▶ _Instructions for the task_: An exact copy of the data is needed, one that excludes all pictures.

▶ _Data_:
________________________________________
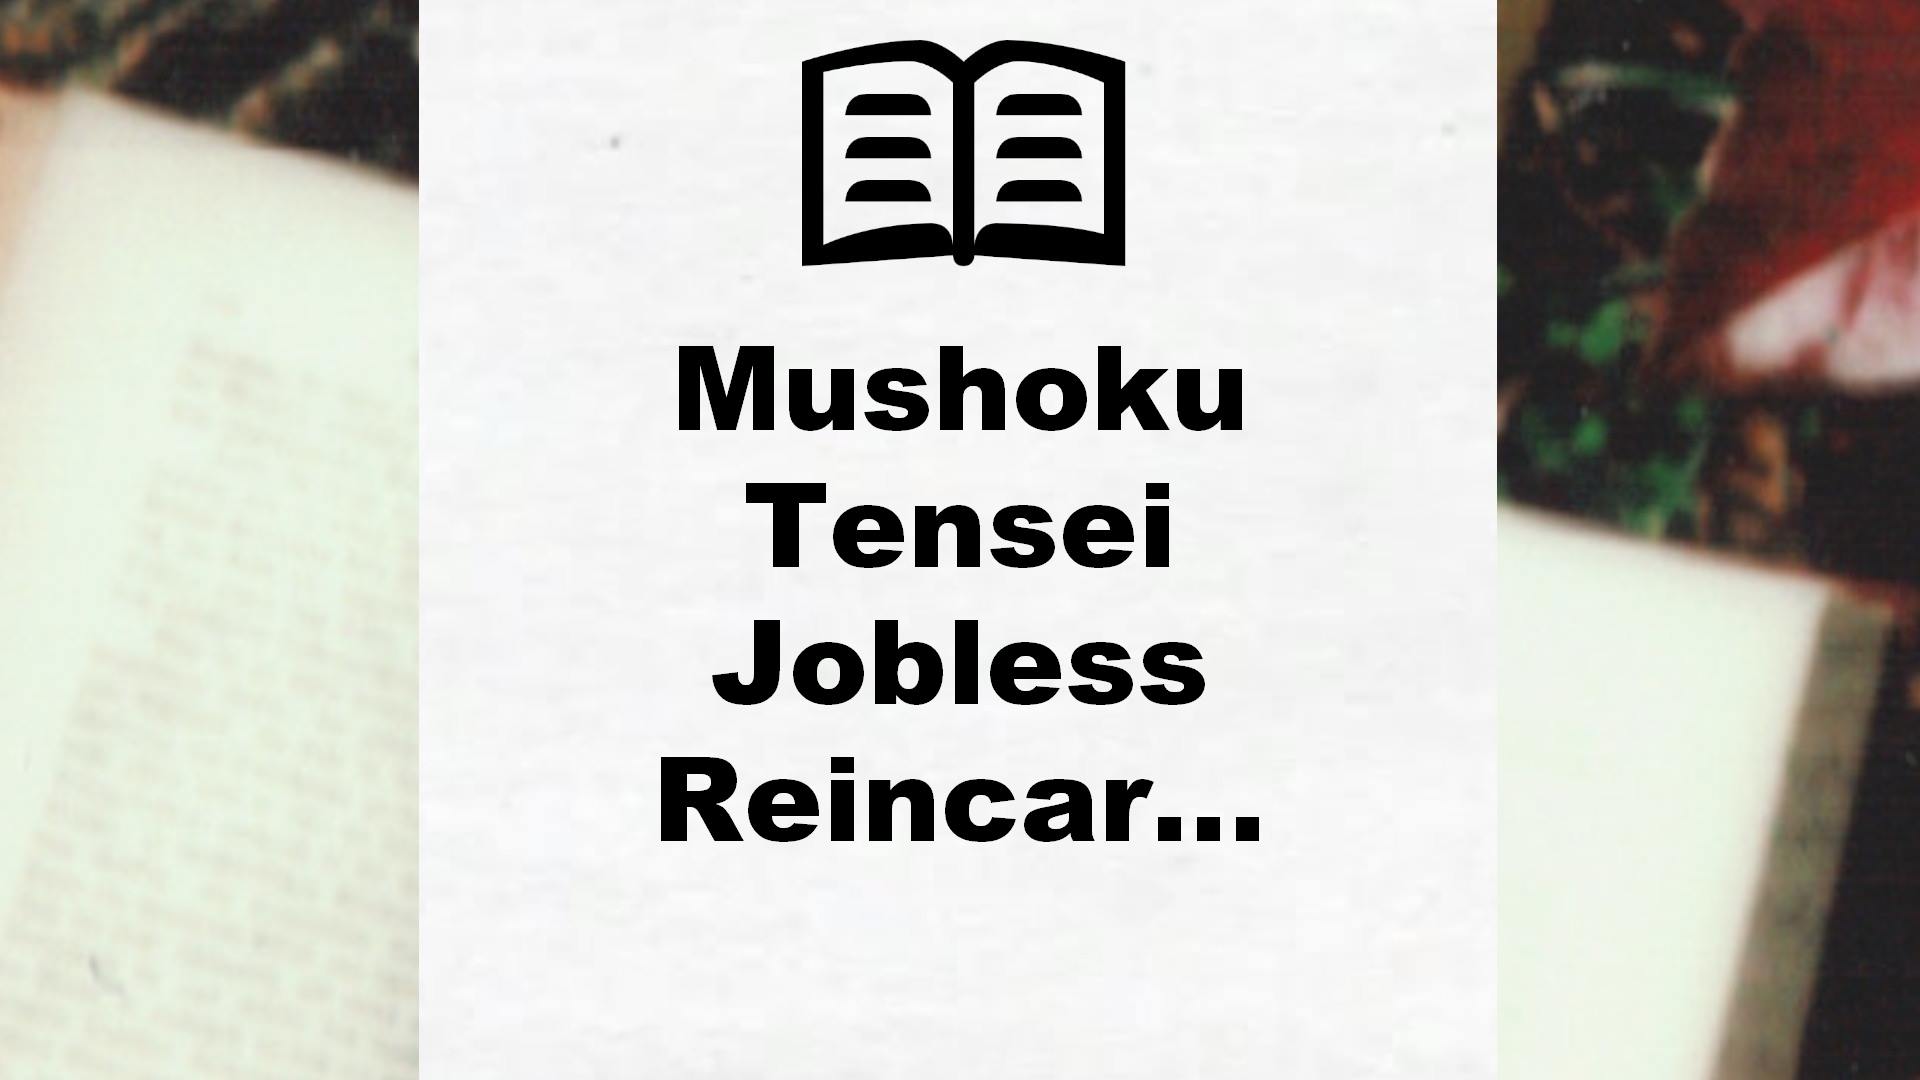 Mushoku Tensei Jobless Reincar… – Critique
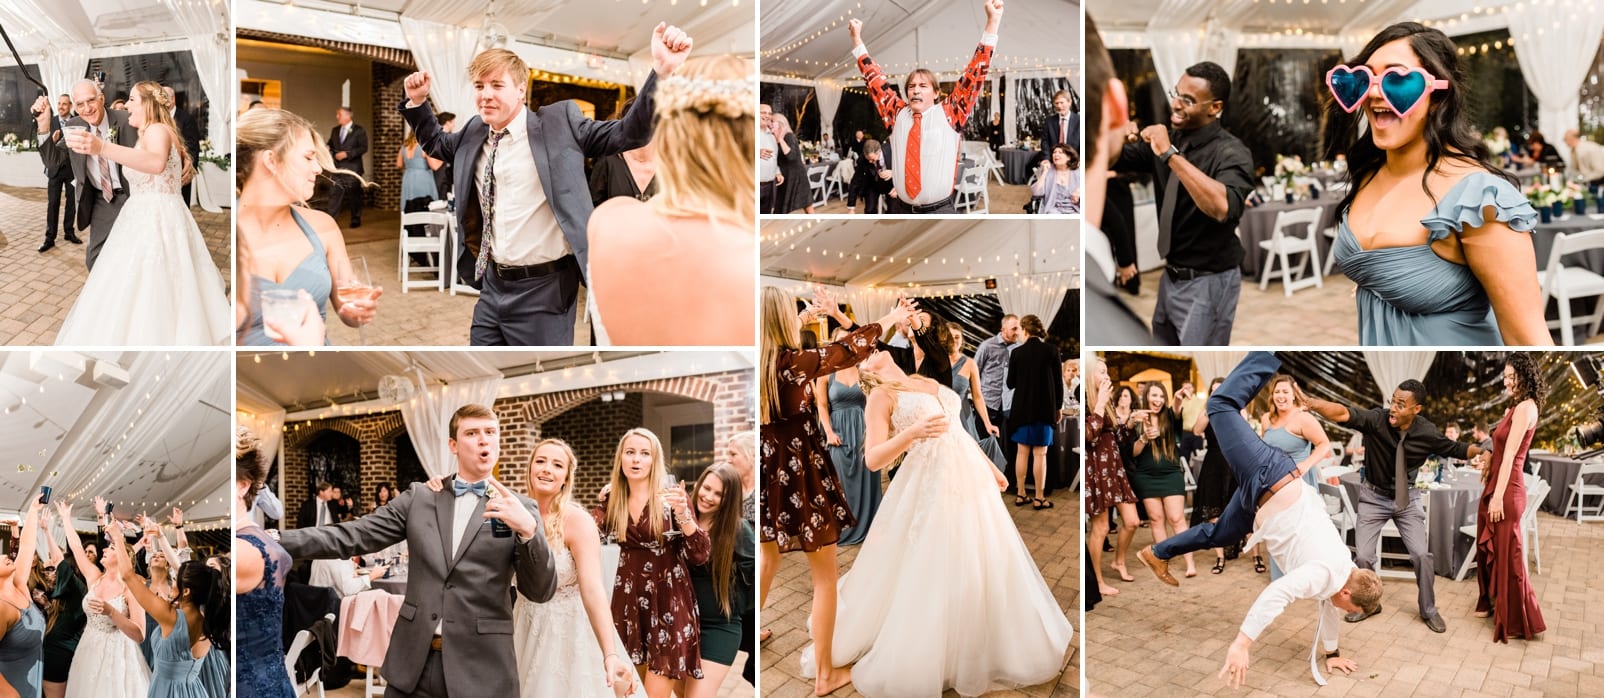 Oaks at Salem wedding reception dancing pictures photo
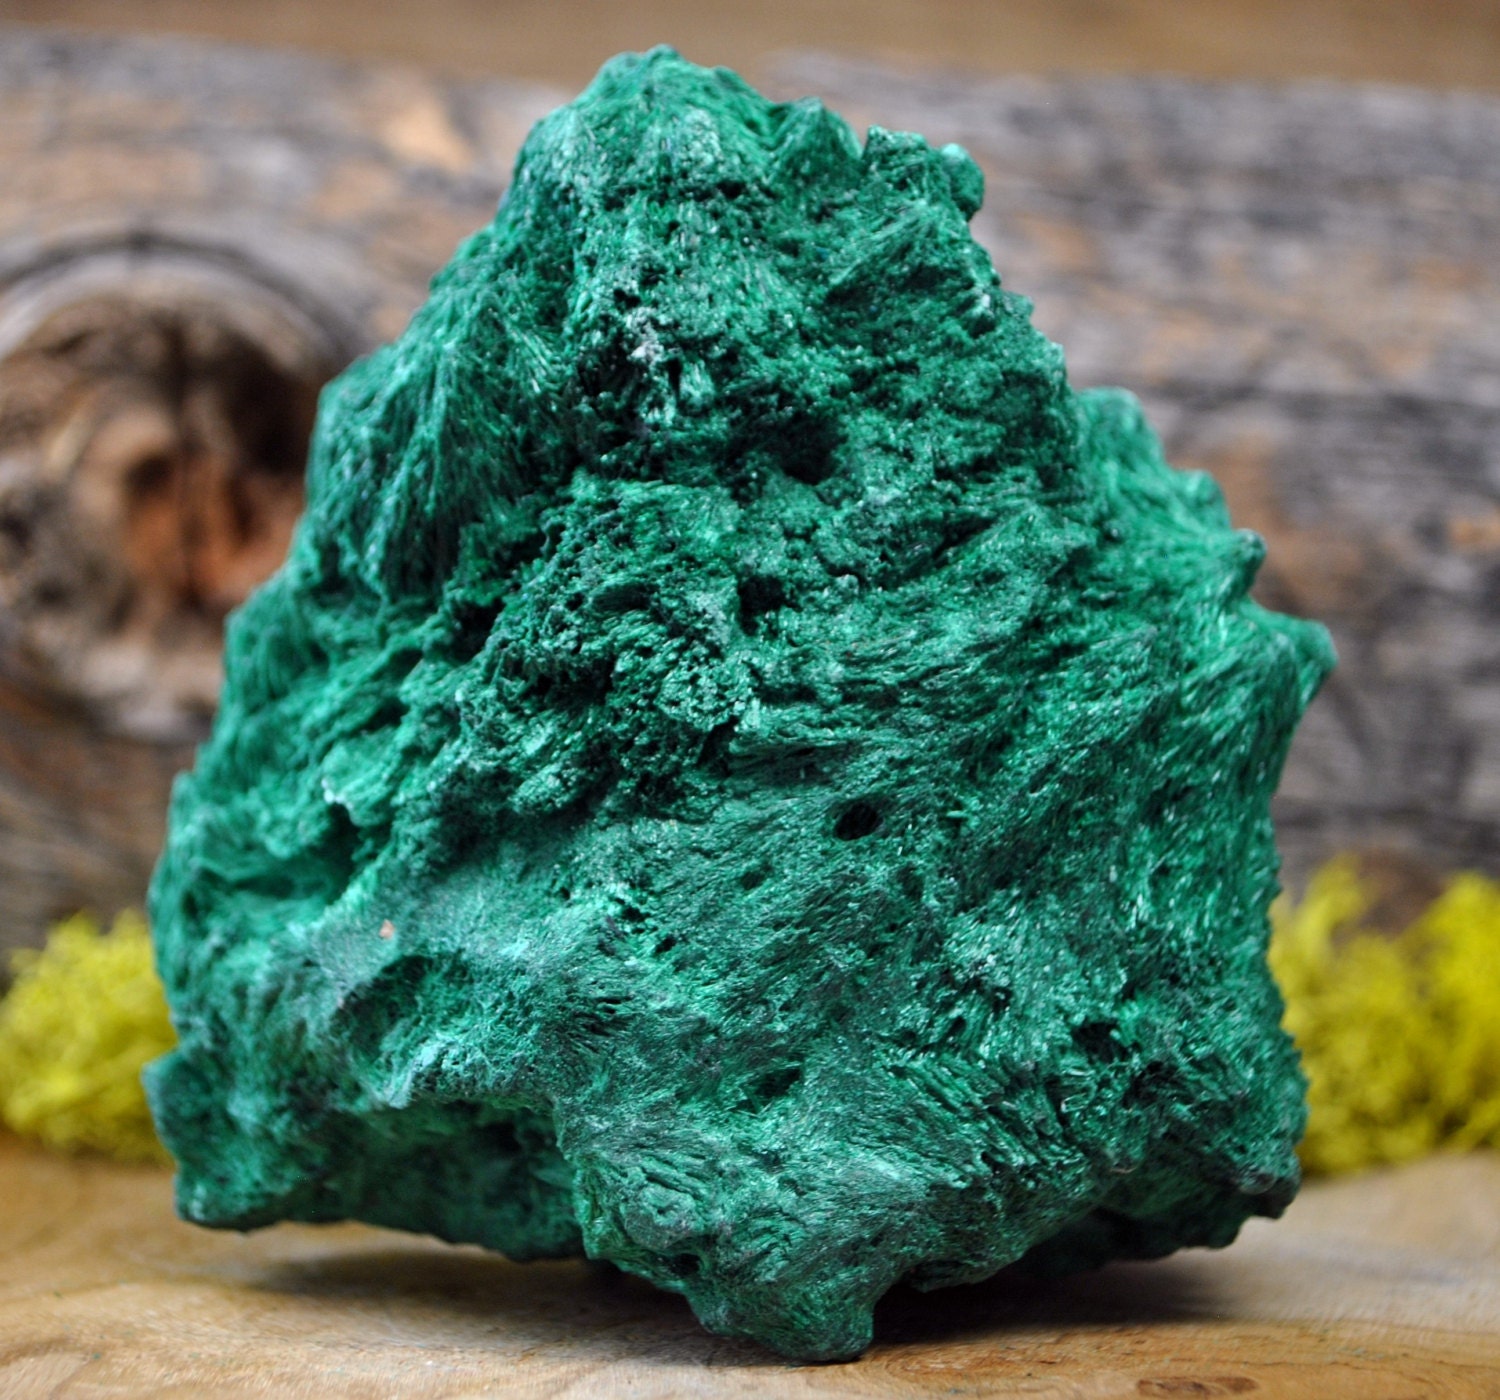 Fibrous Green Malachite Crystal Specimen 1240.19
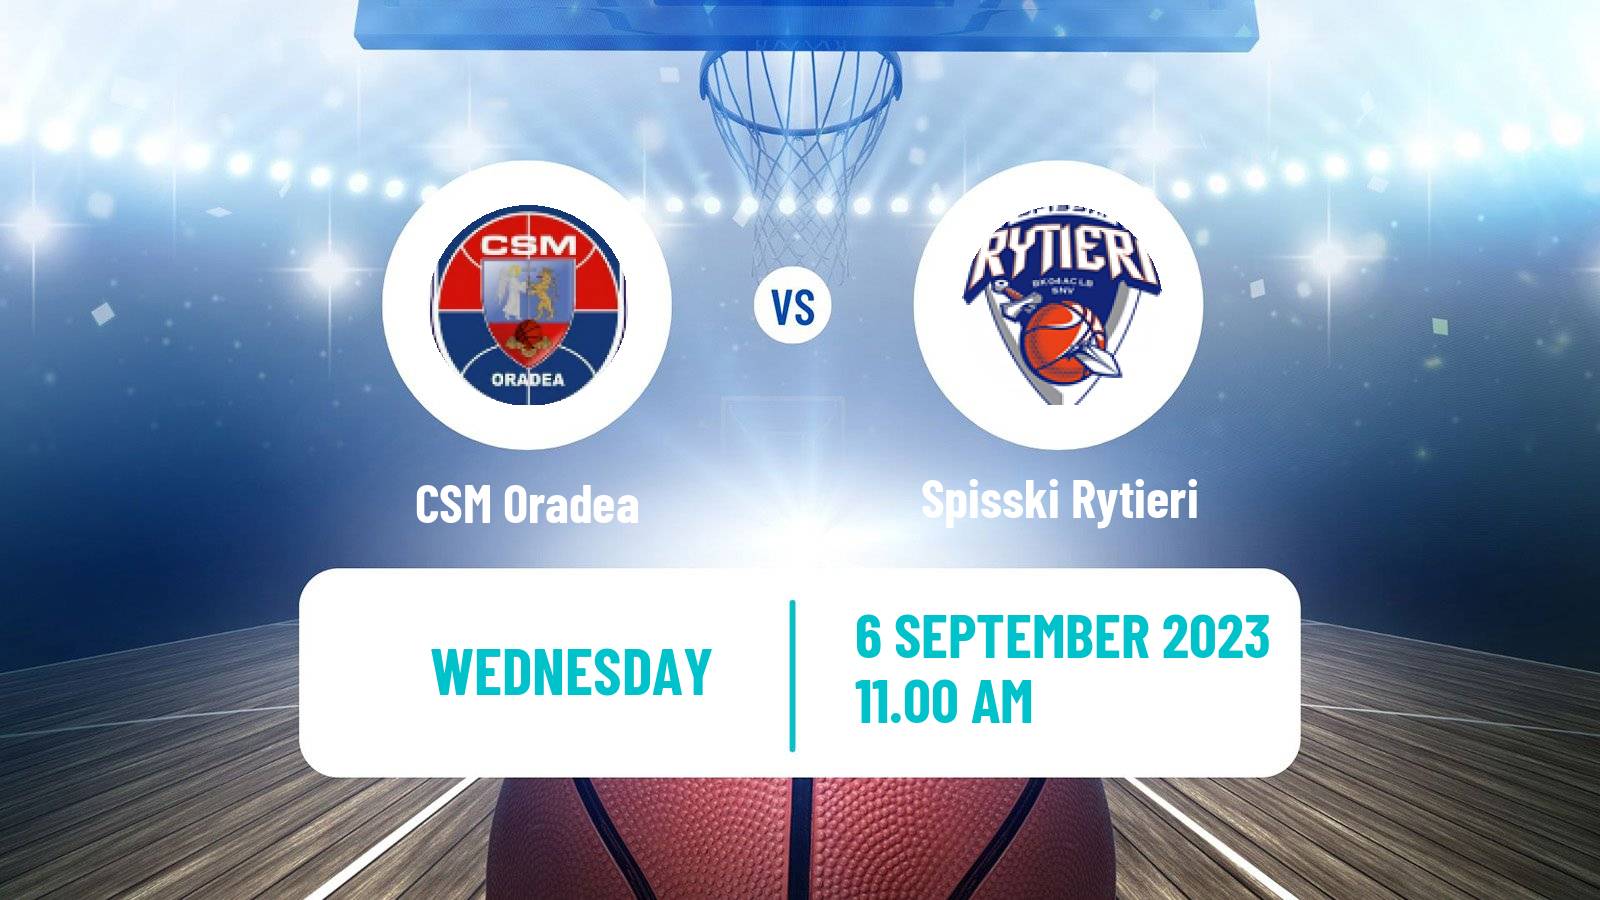 Basketball Club Friendly Basketball CSM Oradea - Spisski Rytieri
________________________________________
▶ _Task result_:
 Mushoku Tensei Jobless Reincar… – Critique
 Oaks at Salem wedding reception dancing pictures photo
 Fibrous Green Malachite Crystal Specimen 1240.19
 Basketball Club Friendly Basketball CSM Oradea - Spisski Rytieri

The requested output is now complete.